To create a map, one has to style the GIS data and present it in a form that is
visually informative. There are a large number of options available in QGIS to
apply different types of symbology to the underlying data. In this tutorial, we
will explore some basics of styling.
Browse to the downloaded lifeexpectancy.zip file and click
Open. Select newsweek_data.shp and click Open.
Next you will be prompted for choosing the CRS. Select WGS84 EPSG:4326
as the Coordinate Reference System (CRS).
The shapefile contained within the zip file is now loaded and you can see
the default style applied to it.
Right click on the layer name and select Open Attribute Table.
Explore the different attributes. To style a layer, we must pick an
attribute or a column that would represent the map we are trying to
create. Since we want to create a layer represting life expectancy, i.e. the
average age till a person lives in a country, the field LIFEXPCT
is the attribute we want to use in styling.
Close the attribute table. Right click on the layer again and choose
The various styling options are located in the Style tab of the Properties
dialog. Clicking on the drop-down button inthe Style dialiog, you will see
there are five options available - Single Symbol, Categorized,
Graduated, Rule Based and Point
displacement. We will explore the first three in this tutorial.
Select Single Symbol. This option allows you to choose a single
style that will be applied to all the features in the layer. Since this is a
polygon dataset, you have two basic choices. You can fill the polygon, or
you can style with only outline. You can choose the dotted
pattern fill and click OK.
You will see a new style applied to the layer with the fill pattern you
You will see that this Single Symbol style isn’t useful in communicating
the life expectancy data we are trying to map. Let us explore another
styling option. Right-click the layer again and choose
Properties. This time choose Categorized from the
Style tab. Categorized means the features in the layer will be
shown in different shades of a color based on unique values in an attribute
field. Choose LIFEXPCT value as the Column. Choose
a color ramp of your choice and click Classify
at the bottom. Click OK.
You will see different countries appearing in shades of blue. Lighter
shades meaning lower life expectancy and darker shades meaning higher life
expectancy. This representation of the data is more useful and clearly show
how life expectancy in developed countries vs. developing countries.

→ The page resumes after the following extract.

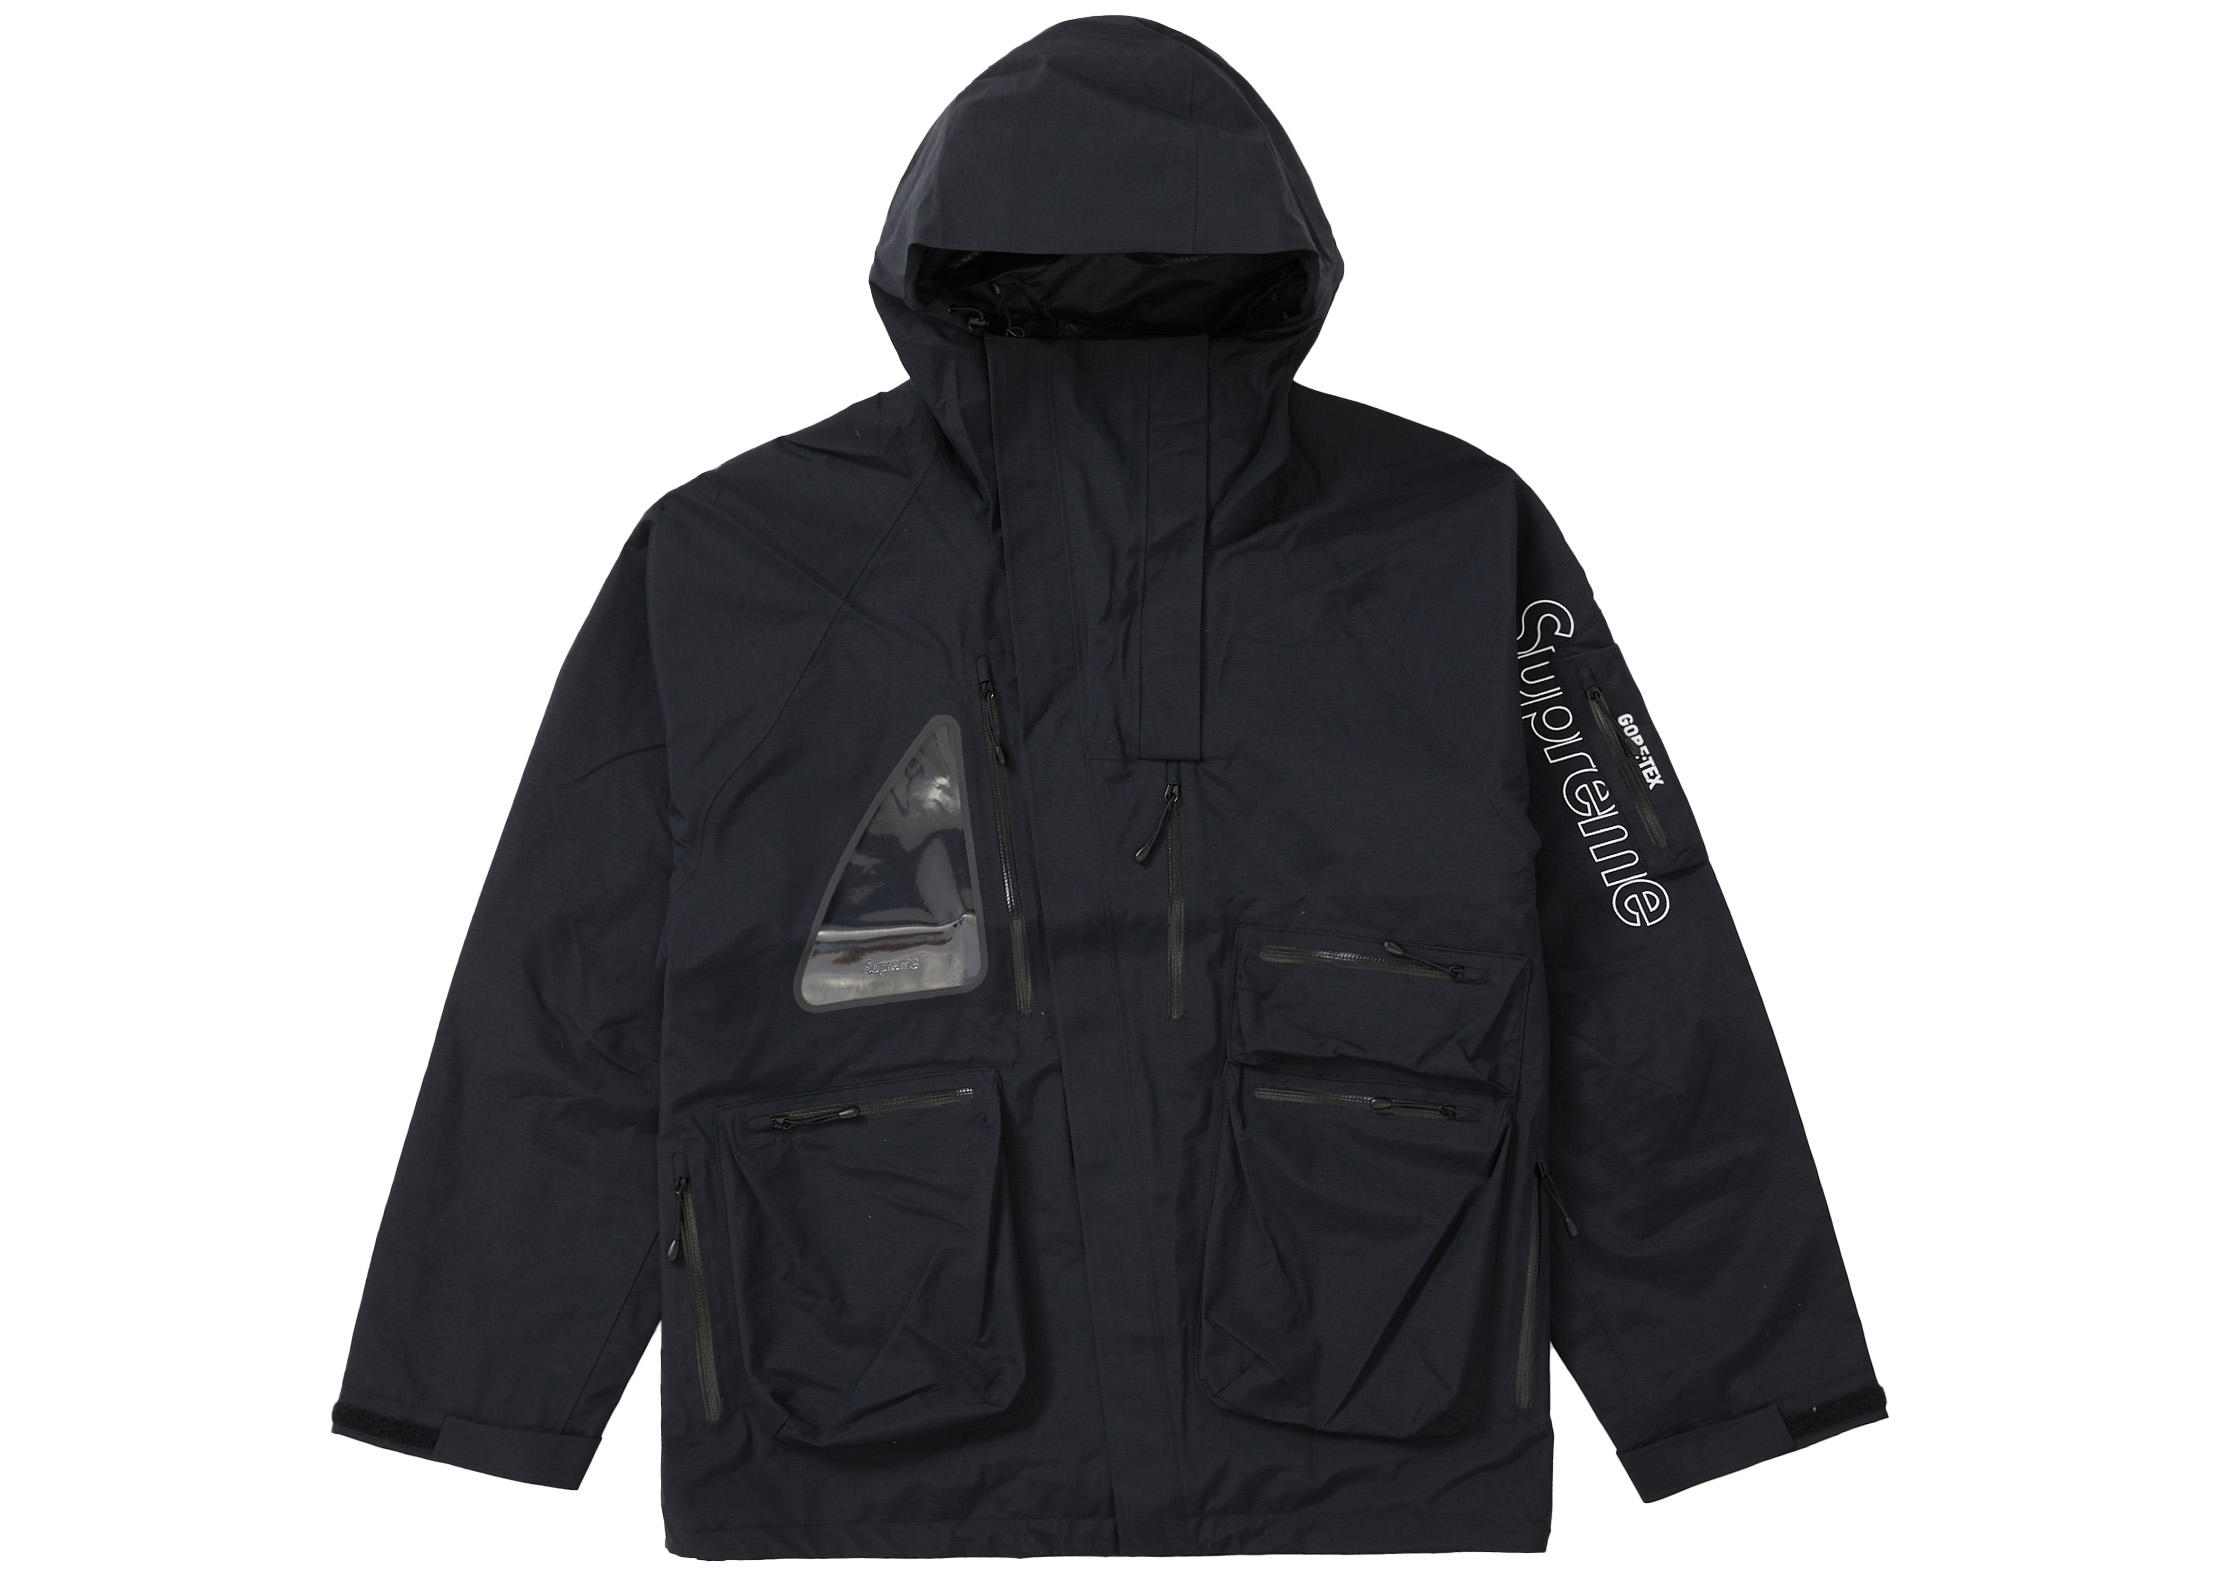 Supreme GORE-TEX Tech Shell Jacket Black - FW21 Men's - US
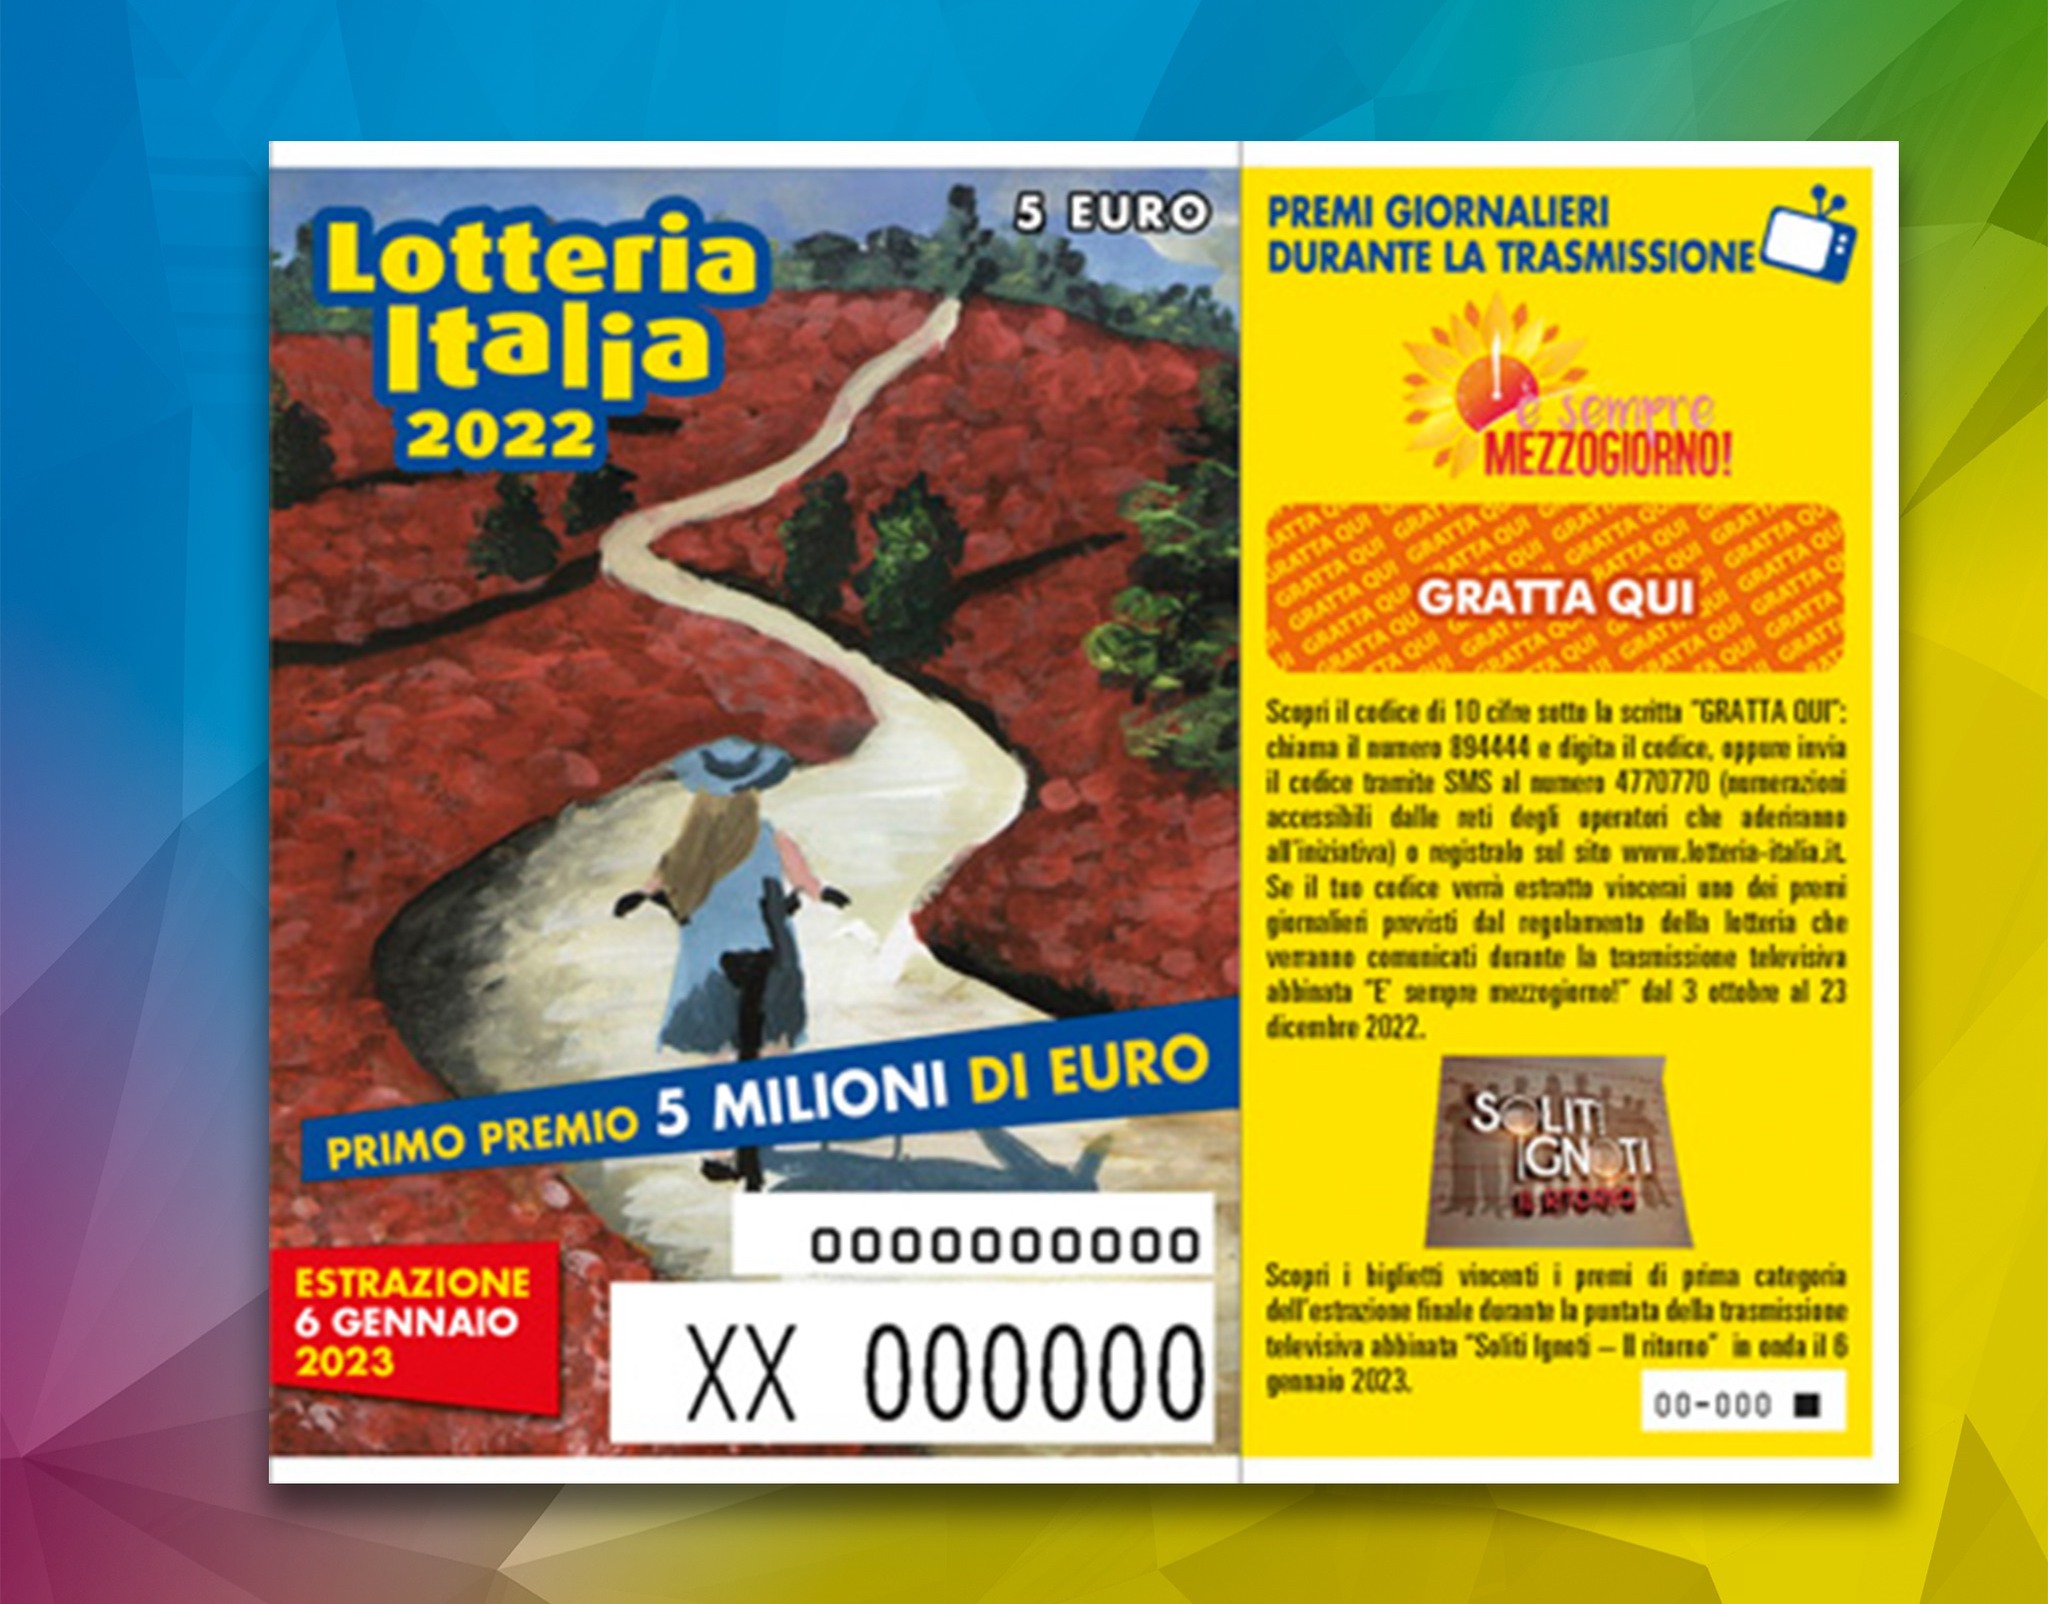 Lotteria Italia 2022: estrazione e premi per i biglietti vincenti

This
would be the type of style we set out to create.
Let us explore the Graduated symbology type in the Style
dialog now. Graduated symbology type allows you to break down the data in a column in
unique classes and choose a different style for each of the classes. We
can think of classifying our life expectancy data into 3 classes, LOW,
MEDIUM and HIGH. Choose LIFEXPCT as the Column and
choose 3 as the classes. You will see there are many Mode
optionsa vailable. Let us see the logic behind each of these modes.
There are 5 modes available. Equal Interval,
Quantile, Natural Breaks (Jenks),
Standard Deviation and Pretty Breaks.
These modes use different statistical algorithms to break down the data
into separate classes.
Equal Interval: As the name suggests, this method will will create classes
which are at the same size. If our data ranges from 0-100 and we want 10
classes, this method would create a class from 0-10, 10-20, 20-30 and so on
, keeping each class the same size of 10 units.
Quantile - This method will decide the classes such that number of values
in each class are the same. If there are 100 values and we want 4
classes, quantile method will decide the classes such that each class
will have 25 values.
Natural Breaks (Jenks) - This algorithm tries to find natural groupings
of data to create classes. The resulting classes will be such that there
will be maximum variance between individual classes and least variance
within each class.
Standard Deviation - This method will calculate the mean of the data, and
create classes based on standard deviation from the mean.
Pretty Breaks - This is based on the statistical package R’s pretty
algorithm. It is a bit complex, but the pretty in the name means it
creates class boundaries that are round numbers.
To keep things simple, let’s use the Quantile method. Click Classify at the
bottom and you will see 3 classes show up with their corresponding values.
For an attribute to be used in Graduated style, it must be a numeric field. Integer and Real
values are fine, but if the attribute field type is String, it cannot be
used with this styling option.
You will see a map showing countries in either of 3 colors representing
average life expectancy in the country.
Now go back to the Style dialog by right clicking the layer and choosing
Properties. There are some more styling options available.
You can click on the Symbol for each of the classes and choose a different style.
We will choose Red, Yellow and Green fill colors to indicate low, medium and high life expectancy.
In the Symbol Selector dialog, click on Color
Click on a color fom the Select Color dialog.
Back in the Layer Properties dialog, you can double-click on the
Label column next to each value and enter the text that you
want to display. Similarly, you may double-click on the Value
column to edit the selected ranges. Click OK once you are
satisfied with the classes.
This style definitely conveys a lot more useful map than the previous two
attempts. There are clearly marked class names and colors to represent our
interpretation of the life expectancy values.